Le recours est admis.
II.
Les décisions de la Caisse cantonale
de chômage des 31 mai et 25 septembre 2006 sont annulées et cette dernière est
invitée à verser à X.________ les indemnités chômage auxquelles il a droit à
partir du 1er janvier 2005.
III.
L'arrêt est rendu sans frais.
IV.
La Caisse cantonale de chômage est
débitrice de X.________ d'un montant de 1000 (mille) francs à titre de dépens.
Lausanne, le 19 mars 2007
Le
président:
Le présent
arrêt est communiqué aux destinataires de l'avis d'envoi ci-joint.

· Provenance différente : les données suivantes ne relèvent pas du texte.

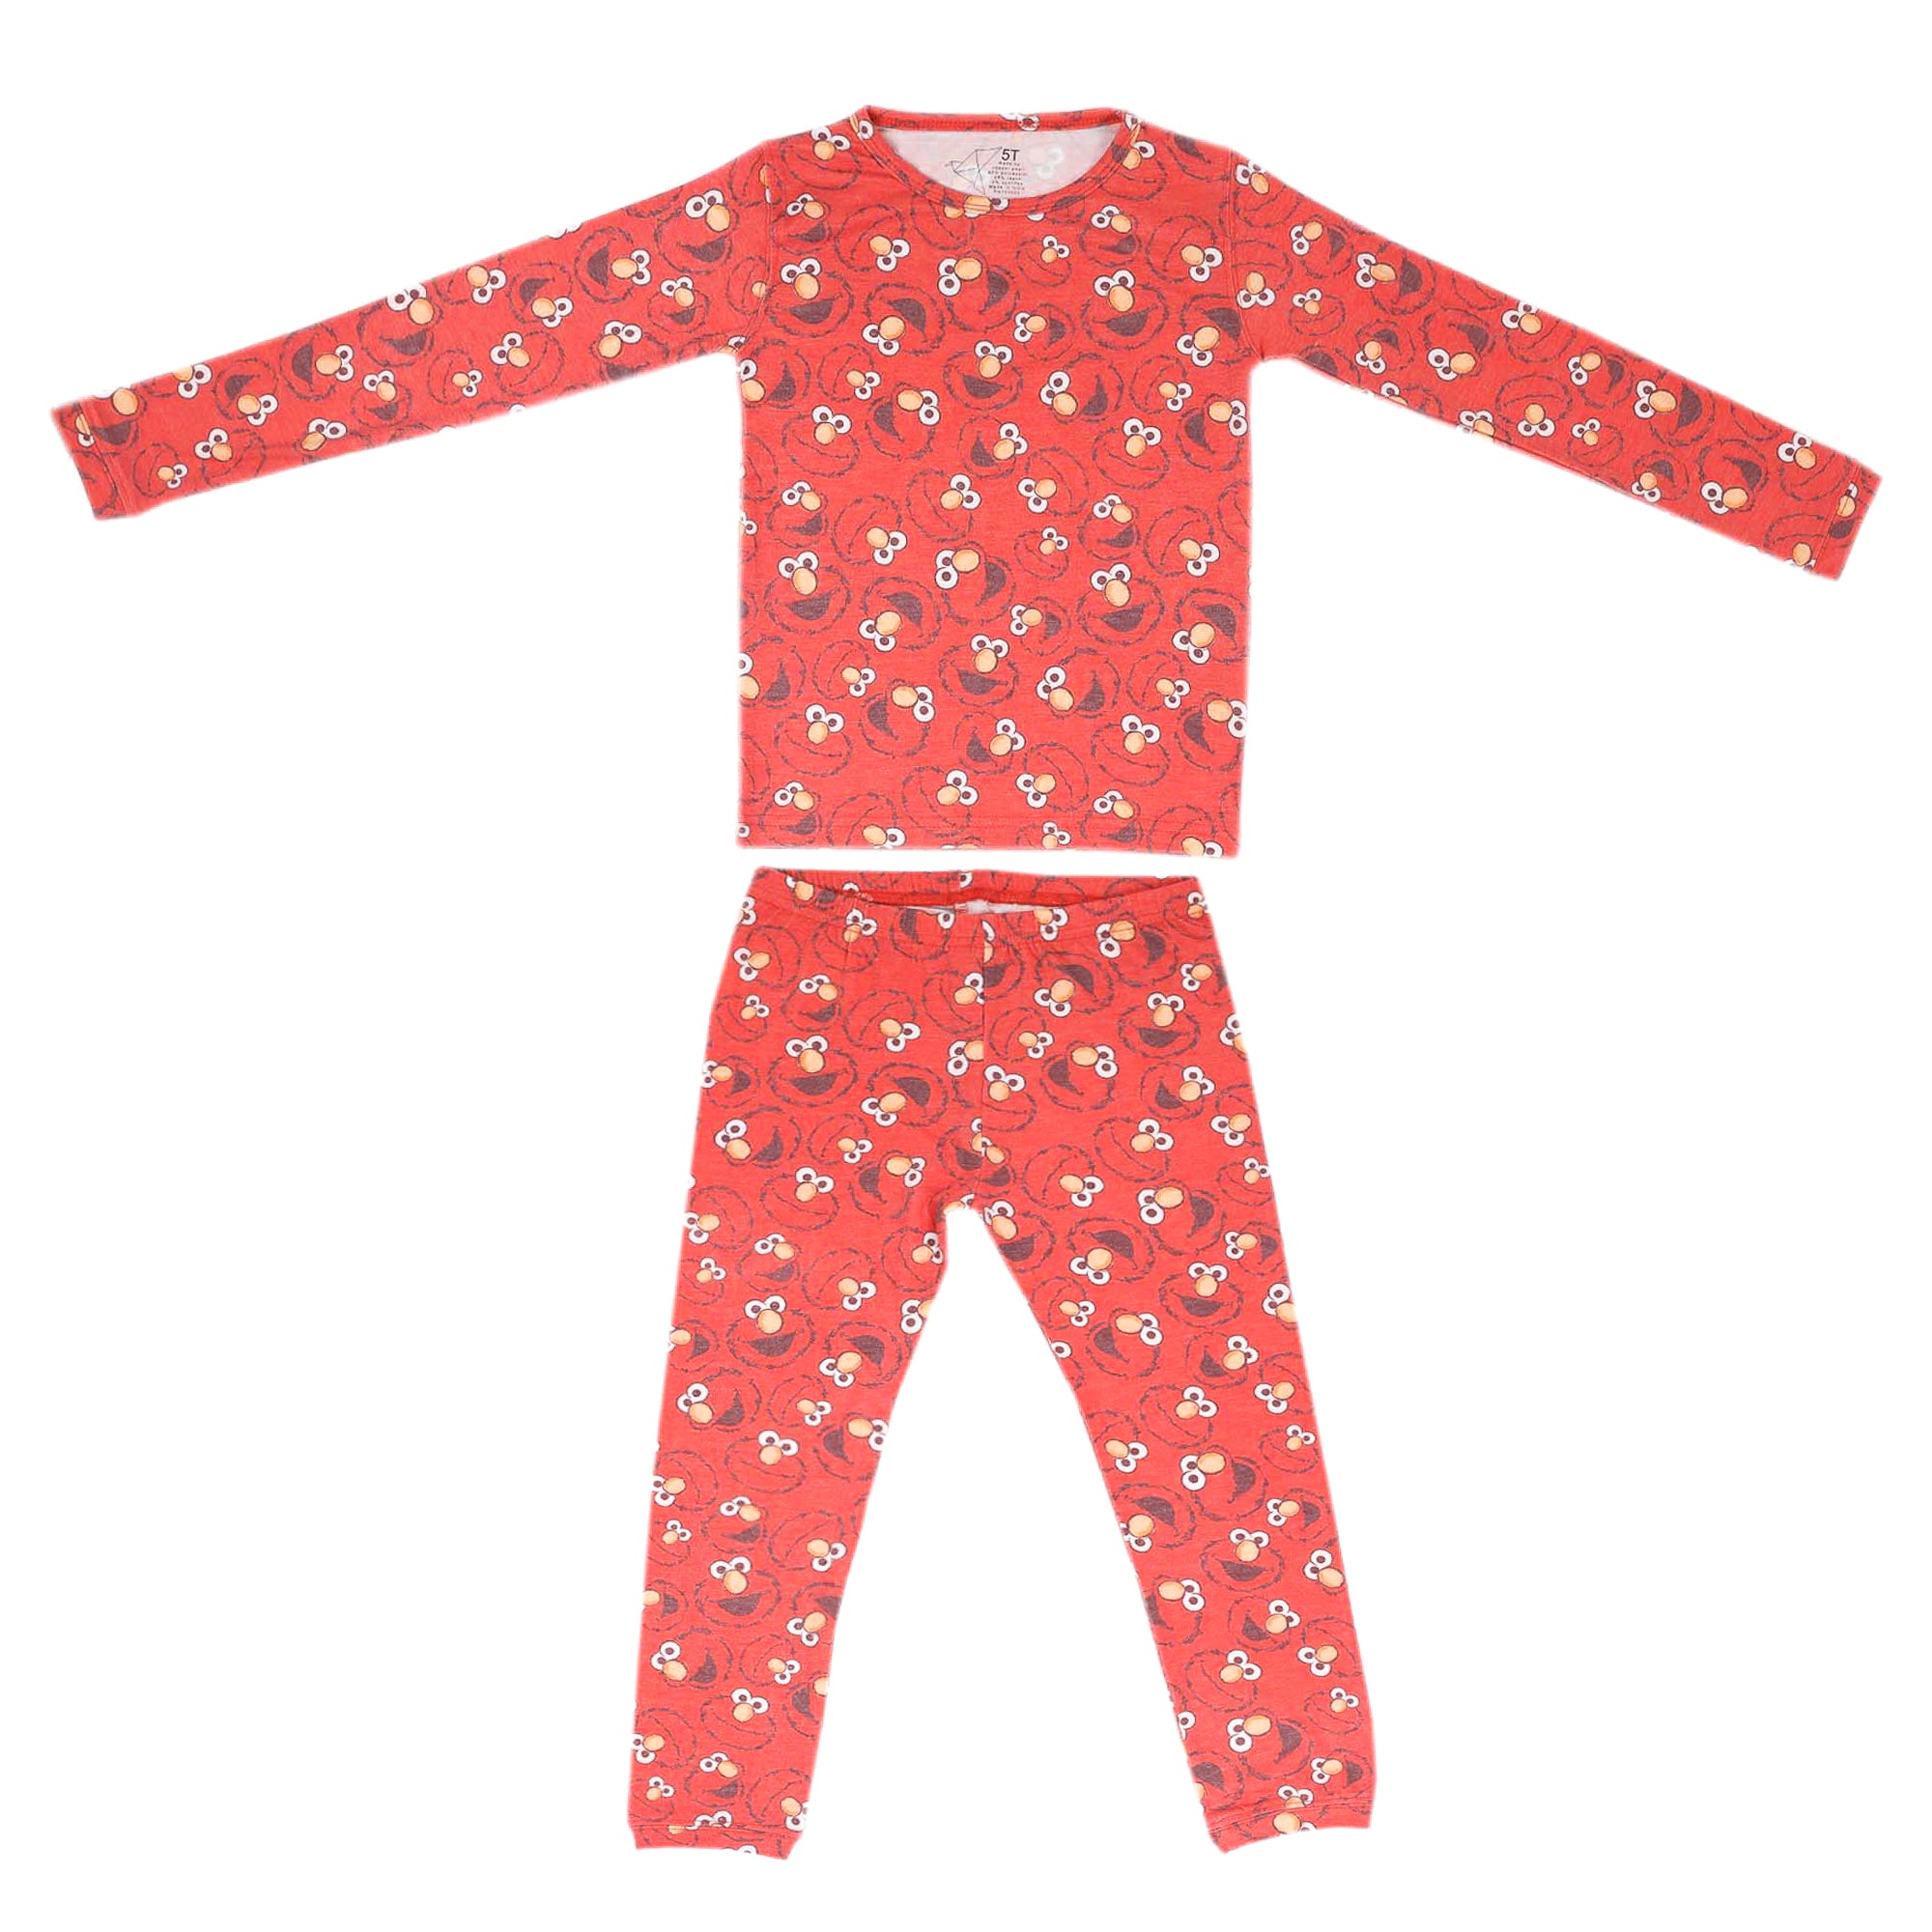 2pc Long Sleeve Pajama Set - Elmo

Il peut faire l'objet, dans les trente
jours suivant sa notification, d'un recours au Tribunal féd¿al. Le recours en
matière de droit public s'exerce aux conditions des articles 82 ss de la loi du
17 juin 2005 sur le Tribunal fédéral (LTF - RS 173.110), le recours
constitutionnel subsidiaire à celles des articles 113 ss LTF. Le mémoire de
recours doit être rédigé dans une langue officielle, indiquer les conclusions,
les motifs et les moyens de preuve, et être signé. Les motifs doivent exposer
succinctement en quoi l’acte attaqué viole le droit. Les pièces invoquées comme
moyens de preuve doivent être jointes au mémoire, pour autant qu’elles soient
en mains de la partie; il en va de même de la décision attaquée.